Suppose we are interested to have an image of the market and we have access to data of the market for K periods of time. In each time step, we have N parallel streams. We can represent this data with a matrix of N*K cells. In order to solve the above mentioned jigsaw puzzle, we have two parallel goals: 1- Find group of similar streams (companies) based on the similarity in their behavior in K time steps (considering all the images) and 2- Arrange similar groups in a spatial map in a way that similar groups are placed in similar locations. Note that the final image is not necessarily in the same size as of the original image if we let similar streams seat in the same pixel.
These two goals are the underlying ideas of the Self Organizing Map (SOM) that I have talked about before in my other posts. It simply solves this jigsaw problem by optimizing these two goals at the same time and as I will show you it gives a much better image of the market, using the same data used for the previous images.
Using weekly average momentums (weekly price differences) of 1000 companies for 756 business weeks from the beginning of 2000 to the end of July 2014, I trained a SOM with 10*10 rectangular grid.
Following figure shows a 2d- histogram of distribution of companies in a 10*10 grid. Size of the circles is proportional to the size of companies located in that pixel.
If our hypothesis about spatial correlation is true we expect to see smooth changing patterns on top of the trained SOM. Interestingly, SOM works very well for this data set. Rendering the weight vectors of the trained SOM for working weeks of years 2000 and 2001 admits that how SOM was able to solve our Jigsaw problem.
A full picture of 14 years is available here.
As we can see the original random images now have been transformed to images with a clear spatial correlations. I must say that first I was amazed by the shape of the identified patterns by SOM. It is so strange if the whole market behaves like this. As you can see there are few companies (the identified circle in the center of the image) behaving in opposite direction to all the other companies. Whenever, they are hot all the others are cold and vice versa. This is those kind of images that I was talking about. You see there is a two dimensional pattern, one spatial and one temporal.
This is the power of SOM by which now we created an imaginary field, where space has a meaning for itself. I stop here, but I must say I am not normally fan of just visualizations.

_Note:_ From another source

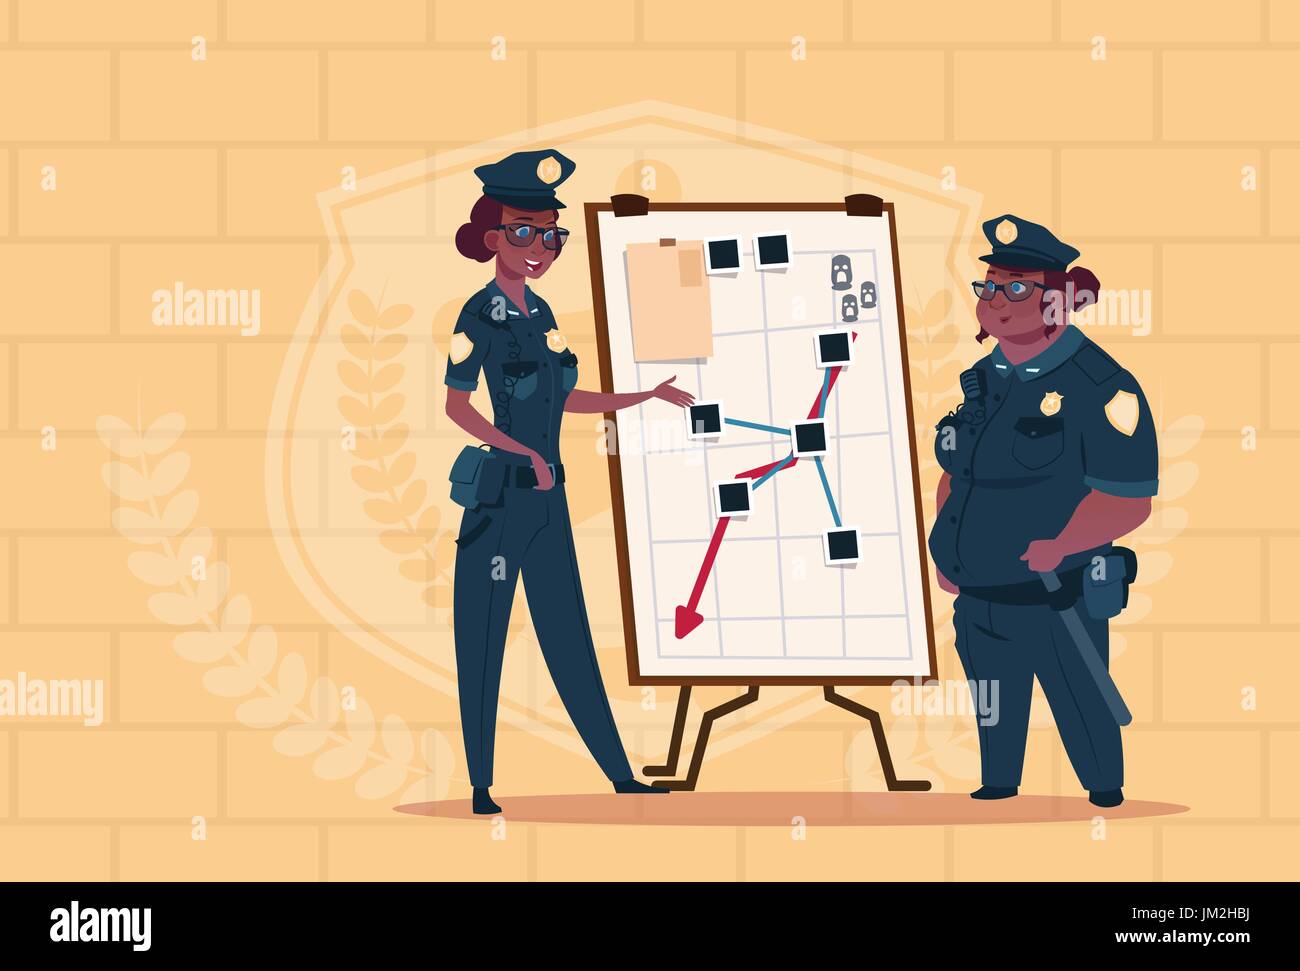 Deux femmes de la police américaine de l'Afrique de l'action de planification sur un tableau blanc les gardiennes en uniforme bleu sur fond brique Illustration de Vecteur

I believe we can do more with these results. There are several steps that I will implement soon:
1- Analyzing the correlations between identified categories of companies and their other attributes such as sector and category
2- Now that we have an image for each time step, similar to the idea of contextual numbers, we can predict the whole behavior of the market. This would be extremely interesting application that I will focus on soon.
3- According to the underlying algorithm of SOM, each image can be seen as Gaussian Random Field. This gives us a lot of powerful functional abilities.
4- Being interested to an specific company, predictions of the price of that company can be supported by the predictions of all of its neighboring company in SOM.